╔══
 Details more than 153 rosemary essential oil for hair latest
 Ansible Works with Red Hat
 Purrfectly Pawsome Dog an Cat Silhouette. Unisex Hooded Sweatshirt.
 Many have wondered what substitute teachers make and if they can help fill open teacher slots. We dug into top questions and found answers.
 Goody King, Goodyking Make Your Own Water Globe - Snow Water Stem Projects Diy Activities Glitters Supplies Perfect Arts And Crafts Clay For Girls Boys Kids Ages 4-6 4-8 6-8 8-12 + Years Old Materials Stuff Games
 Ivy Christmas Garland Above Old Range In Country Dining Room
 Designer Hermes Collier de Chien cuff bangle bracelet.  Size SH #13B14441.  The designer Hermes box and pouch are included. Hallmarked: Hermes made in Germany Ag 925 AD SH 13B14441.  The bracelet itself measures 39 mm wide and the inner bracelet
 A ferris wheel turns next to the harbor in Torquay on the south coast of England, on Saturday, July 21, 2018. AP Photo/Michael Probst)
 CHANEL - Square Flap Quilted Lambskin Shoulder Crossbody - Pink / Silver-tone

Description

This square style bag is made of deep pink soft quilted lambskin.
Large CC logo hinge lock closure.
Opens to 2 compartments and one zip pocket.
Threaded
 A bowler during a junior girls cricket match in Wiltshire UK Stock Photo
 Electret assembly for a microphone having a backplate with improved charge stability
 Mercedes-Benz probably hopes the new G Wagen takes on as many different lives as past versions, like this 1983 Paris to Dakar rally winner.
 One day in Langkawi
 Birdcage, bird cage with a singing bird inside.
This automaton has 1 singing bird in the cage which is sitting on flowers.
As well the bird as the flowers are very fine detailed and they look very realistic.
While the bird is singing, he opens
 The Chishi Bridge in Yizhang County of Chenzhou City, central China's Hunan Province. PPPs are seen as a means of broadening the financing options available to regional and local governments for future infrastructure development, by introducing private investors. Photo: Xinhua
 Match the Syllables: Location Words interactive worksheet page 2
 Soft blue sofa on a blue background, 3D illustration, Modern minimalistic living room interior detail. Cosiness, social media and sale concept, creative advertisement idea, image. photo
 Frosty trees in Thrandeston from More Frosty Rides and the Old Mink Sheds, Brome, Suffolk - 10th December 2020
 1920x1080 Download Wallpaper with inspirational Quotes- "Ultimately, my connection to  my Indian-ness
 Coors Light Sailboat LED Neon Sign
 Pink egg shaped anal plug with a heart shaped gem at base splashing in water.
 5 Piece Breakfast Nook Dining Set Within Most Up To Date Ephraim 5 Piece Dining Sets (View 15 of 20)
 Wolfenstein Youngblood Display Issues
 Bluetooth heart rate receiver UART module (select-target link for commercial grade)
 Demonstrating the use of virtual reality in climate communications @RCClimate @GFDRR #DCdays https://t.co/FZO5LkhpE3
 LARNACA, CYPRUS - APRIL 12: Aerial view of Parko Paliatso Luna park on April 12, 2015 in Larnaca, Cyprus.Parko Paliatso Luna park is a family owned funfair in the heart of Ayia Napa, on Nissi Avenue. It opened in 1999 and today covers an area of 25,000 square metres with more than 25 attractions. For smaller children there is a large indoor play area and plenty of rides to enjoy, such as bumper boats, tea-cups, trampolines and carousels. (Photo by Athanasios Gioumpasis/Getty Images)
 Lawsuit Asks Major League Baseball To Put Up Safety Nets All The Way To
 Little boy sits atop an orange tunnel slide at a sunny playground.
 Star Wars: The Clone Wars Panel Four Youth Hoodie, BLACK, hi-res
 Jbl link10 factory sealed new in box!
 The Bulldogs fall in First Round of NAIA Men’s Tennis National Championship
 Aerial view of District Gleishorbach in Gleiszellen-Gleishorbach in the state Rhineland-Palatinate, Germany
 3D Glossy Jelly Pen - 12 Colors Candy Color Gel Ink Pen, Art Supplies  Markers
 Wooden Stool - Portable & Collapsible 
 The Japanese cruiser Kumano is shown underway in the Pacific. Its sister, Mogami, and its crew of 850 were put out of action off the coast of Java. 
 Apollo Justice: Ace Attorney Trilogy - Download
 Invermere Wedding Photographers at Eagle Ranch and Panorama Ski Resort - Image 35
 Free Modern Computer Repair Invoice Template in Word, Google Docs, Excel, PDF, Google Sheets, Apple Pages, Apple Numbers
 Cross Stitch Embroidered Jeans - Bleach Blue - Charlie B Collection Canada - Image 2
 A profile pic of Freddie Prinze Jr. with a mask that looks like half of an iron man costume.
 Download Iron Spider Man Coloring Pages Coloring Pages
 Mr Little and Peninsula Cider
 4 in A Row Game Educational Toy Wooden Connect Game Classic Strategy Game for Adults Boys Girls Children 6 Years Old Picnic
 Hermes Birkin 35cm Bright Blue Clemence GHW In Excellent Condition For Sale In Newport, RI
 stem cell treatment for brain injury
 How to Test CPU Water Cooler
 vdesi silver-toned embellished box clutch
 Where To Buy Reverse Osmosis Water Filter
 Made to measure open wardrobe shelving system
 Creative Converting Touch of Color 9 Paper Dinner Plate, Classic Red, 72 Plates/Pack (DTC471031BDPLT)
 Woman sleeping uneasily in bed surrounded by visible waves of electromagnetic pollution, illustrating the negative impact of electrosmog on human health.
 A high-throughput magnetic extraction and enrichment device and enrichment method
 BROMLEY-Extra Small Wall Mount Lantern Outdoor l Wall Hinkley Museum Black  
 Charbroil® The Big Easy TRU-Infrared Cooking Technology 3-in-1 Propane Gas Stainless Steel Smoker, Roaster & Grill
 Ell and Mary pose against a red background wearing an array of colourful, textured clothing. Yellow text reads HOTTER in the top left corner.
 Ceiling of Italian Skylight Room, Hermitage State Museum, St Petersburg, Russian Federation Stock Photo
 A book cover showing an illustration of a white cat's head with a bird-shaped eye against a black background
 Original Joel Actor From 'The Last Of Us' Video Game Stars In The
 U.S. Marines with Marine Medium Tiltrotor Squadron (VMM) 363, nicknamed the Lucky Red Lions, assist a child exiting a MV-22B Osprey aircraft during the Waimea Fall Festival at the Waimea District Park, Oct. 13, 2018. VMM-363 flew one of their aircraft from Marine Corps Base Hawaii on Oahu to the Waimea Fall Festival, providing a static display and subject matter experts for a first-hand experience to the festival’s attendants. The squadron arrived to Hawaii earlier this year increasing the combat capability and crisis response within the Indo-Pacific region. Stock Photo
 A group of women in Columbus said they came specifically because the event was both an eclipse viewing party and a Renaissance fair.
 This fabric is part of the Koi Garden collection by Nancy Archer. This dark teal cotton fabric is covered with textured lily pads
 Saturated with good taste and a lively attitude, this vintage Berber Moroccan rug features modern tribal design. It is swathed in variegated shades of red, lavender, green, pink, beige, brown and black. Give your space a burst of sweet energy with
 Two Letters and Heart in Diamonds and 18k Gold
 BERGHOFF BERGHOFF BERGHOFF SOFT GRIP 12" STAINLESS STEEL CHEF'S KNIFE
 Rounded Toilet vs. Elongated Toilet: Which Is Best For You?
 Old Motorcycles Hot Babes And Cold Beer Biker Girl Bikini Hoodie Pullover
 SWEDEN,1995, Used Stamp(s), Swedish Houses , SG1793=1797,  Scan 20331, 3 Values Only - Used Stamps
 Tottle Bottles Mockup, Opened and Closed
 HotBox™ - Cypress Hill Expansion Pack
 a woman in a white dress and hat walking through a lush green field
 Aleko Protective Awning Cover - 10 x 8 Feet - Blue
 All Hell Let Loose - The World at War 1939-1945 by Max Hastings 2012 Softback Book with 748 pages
╚══
Among the lines above, which ones include the word "shaped"? Copy them.

- _TASK OUTPUT_:
 Pink egg shaped anal plug with a heart shaped gem at base splashing in water.
 A book cover showing an illustration of a white cat's head with a bird-shaped eye against a black background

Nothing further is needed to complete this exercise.